В его глазах появился странный блеск. Он внимательно посмотрел на нее и повелительно сказал:

— Встань!

И она действительно опустилась на колени и подняла на него глаза, любящие и вопрошающие. То, что она увидела, начисто лишило ее всех иллюзий.

В его взгляде светилось торжество. Он явно наслаждался ситуацией: прелестная юная девушка у его ног в грязи; хочет — поднимет, хочет — оттолкнет… Именно в этот момент Маша поняла, ради чего Иван затеял с ней эту игру в любовь — ради такой вот сцены. Он просто упивался своей властью.
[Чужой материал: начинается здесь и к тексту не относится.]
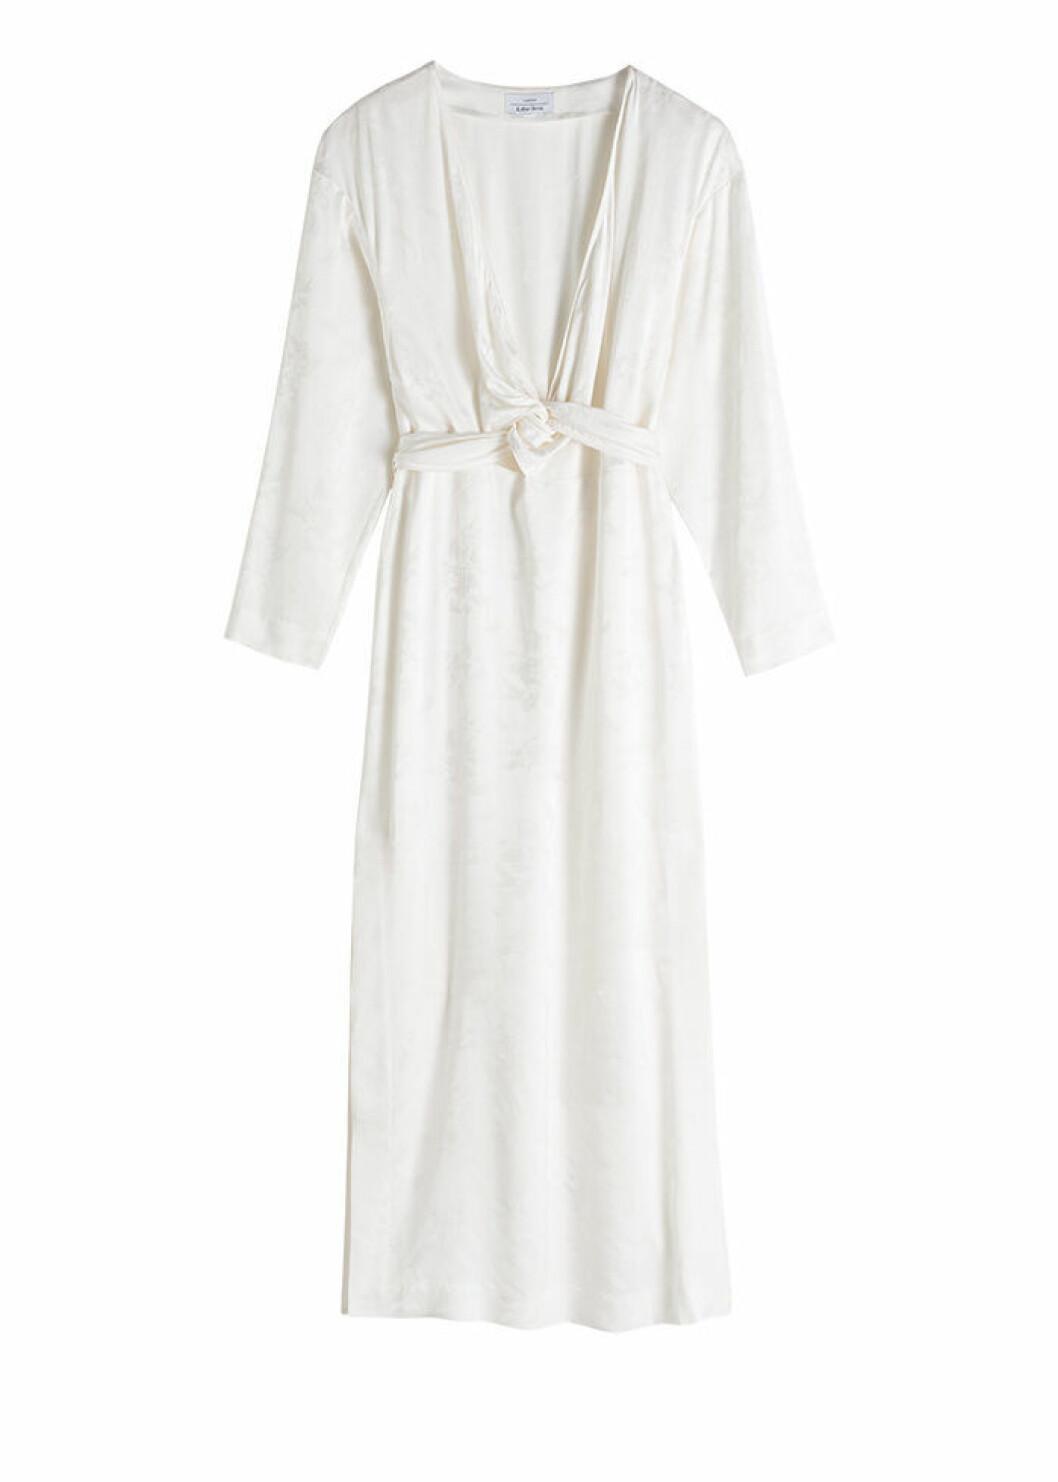 Vit långärmad klänning med slitsar i sidorna
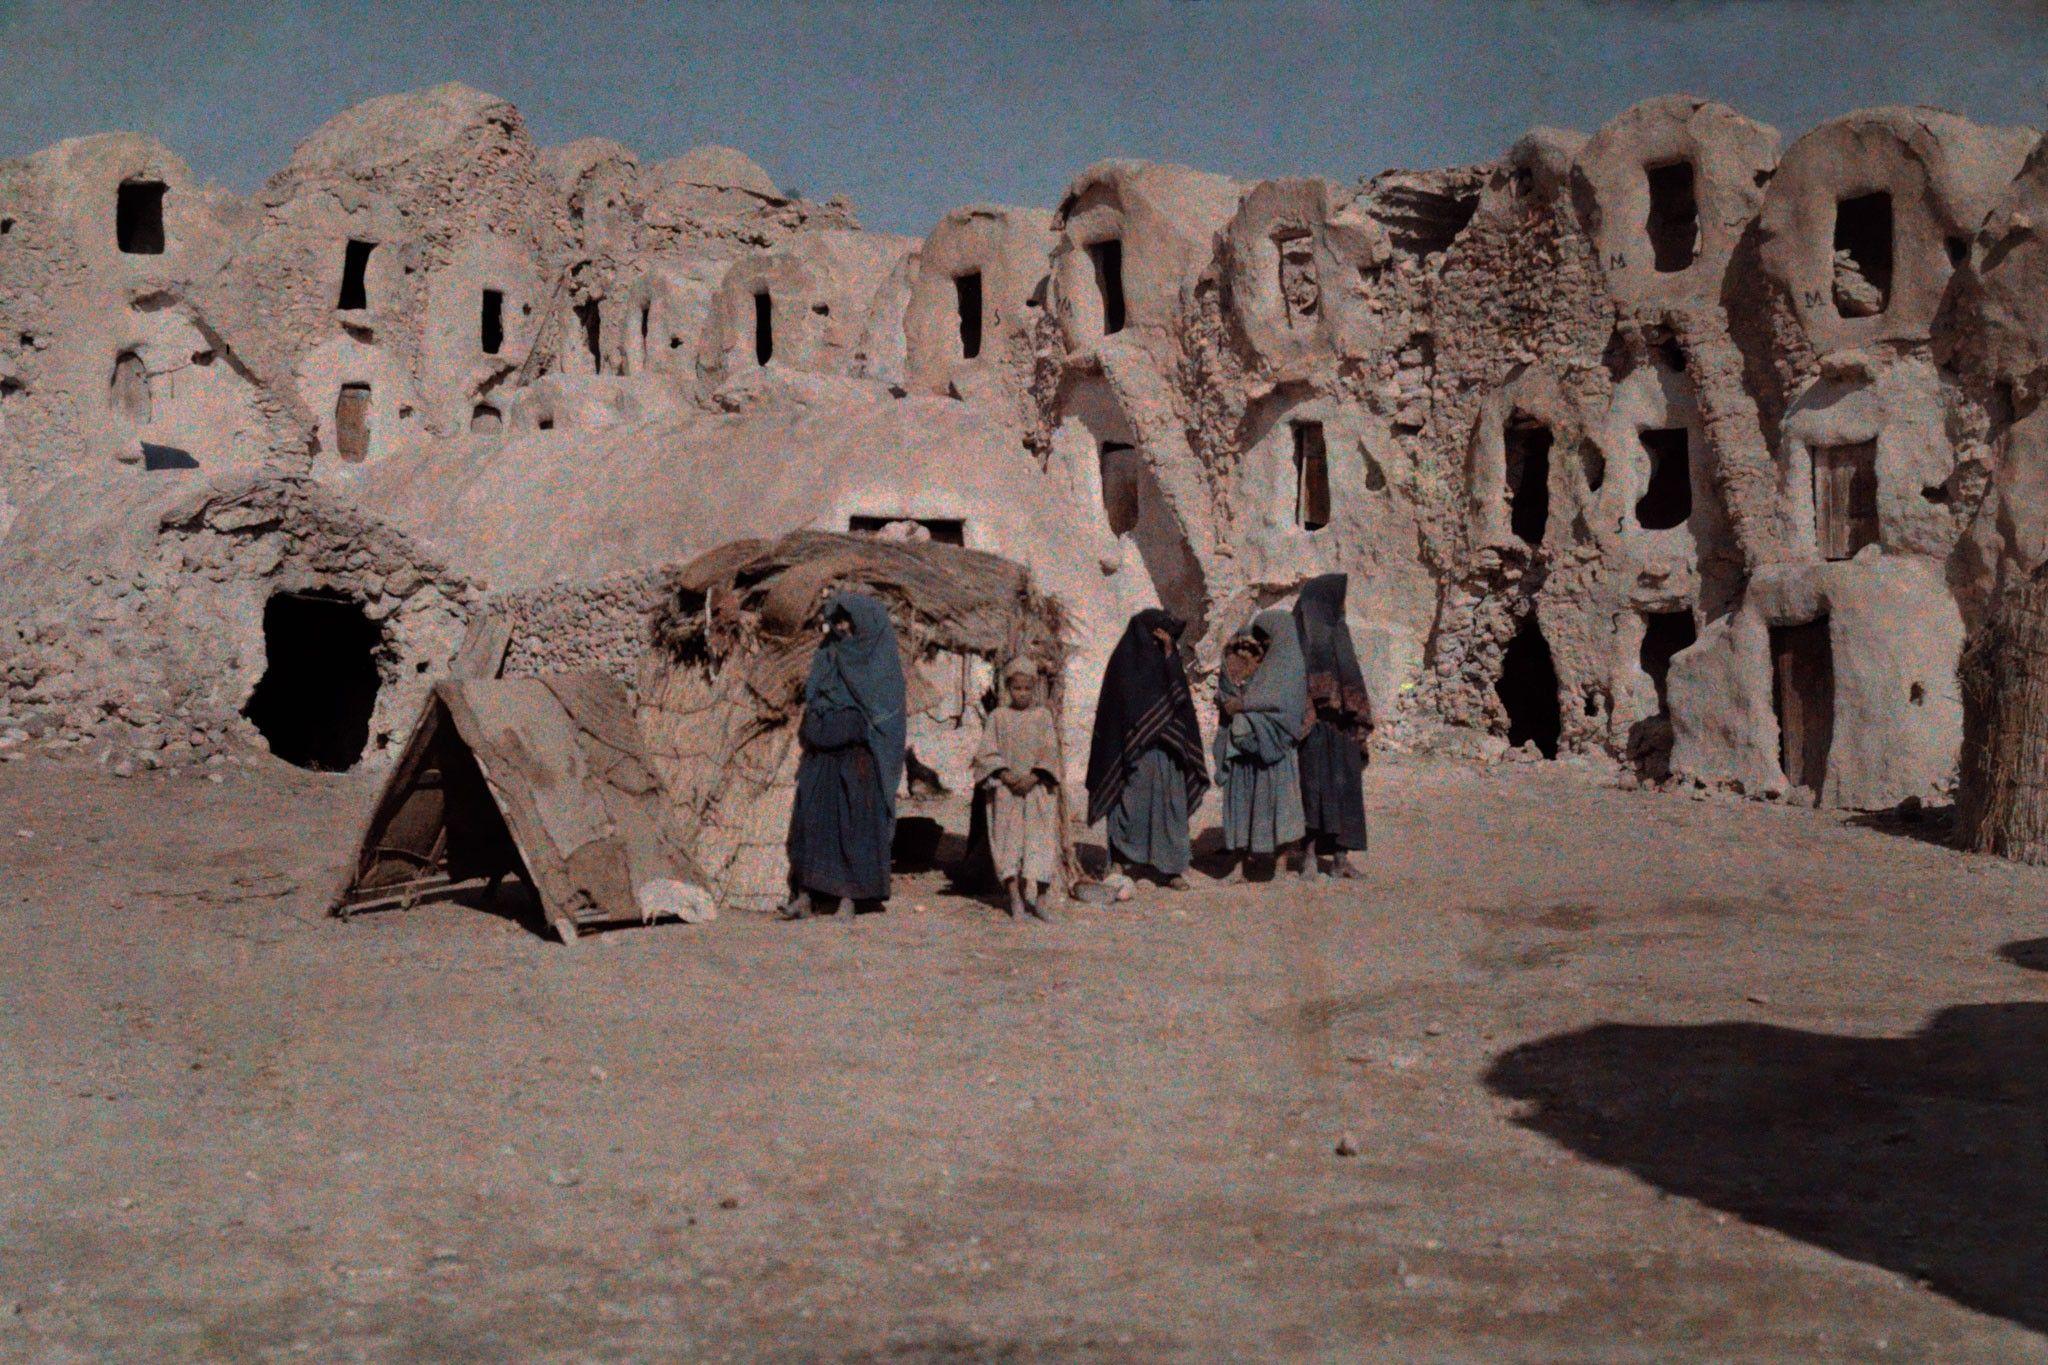 Historische Aufnahmen von Höhlenwohnungen aus aller Welt | National Geographic

Это было так явственно, что Маша не стала дожидаться продолжения, поднялась и пошла прочь. И Оленев, видно, понял, что разоблачил себя: он не стал ее догонять, даже не окликнул…

И вот сейчас Маша увидела такой же блеск и торжество в глазах Никиного Андреса.

Конечно, хорошо, что Андрес в Москве бывает только наездами, а не живет здесь. Первый дурман у Ники в конце концов пройдет, он бы уехал, может быть, все потихоньку и сошло бы на нет… Если бы не эта их предстоящая совместная поездка по Словакии! Кто его знает, что он может еще выкинуть! Впрочем, Нике он вряд ли причинит вред… А может быть, оно и к лучшему, что они недельку побудут вдвоем. В таких поездках люди и открываются. Может быть, Ника сама во всем разберется… Маша сама не заметила, как добрела до метро, так ничего и не решив.


…А Ника, лежа рядом со спящим Андресом, слушая его ровное дыхание и слишком счастливая, чтобы спать, перебирала в памяти события прошедшего вечера. Выступления девочек, счастливые глаза Юли, когда объявили результаты, чудесный ужин в ресторане… Подумать только — эта таинственная паэлья оказалась чем-то вроде нашего плова, только не с мясом, а с морепродуктами… Можно будет попробовать дома соорудить для Андреса нечто похожее.

Нет, сегодня совершенно необыкновенный вечер. Хотя бы потому, что Андрес все время рядом с ней! Все было так замечательно, лучше не бывает. Вот только Машка весь вечер была какая-то странная. И еще… Нике показалось, что среди зрителей она заметила своего знакомого из Лиелупе. Глубоко посаженные пронзительно-синие глаза на загорелом лице, упрямый подбородок… Ника вздохнула и крепче прижалась к спящему Андресу. Нет, ей, вероятно, показалось. Это был не Виктор, а просто похожий на него человек.

4

Маша и Ника шли по длинному перрону Киевского вокзала. Никин поезд на Прагу отходил через пятнадцать минут.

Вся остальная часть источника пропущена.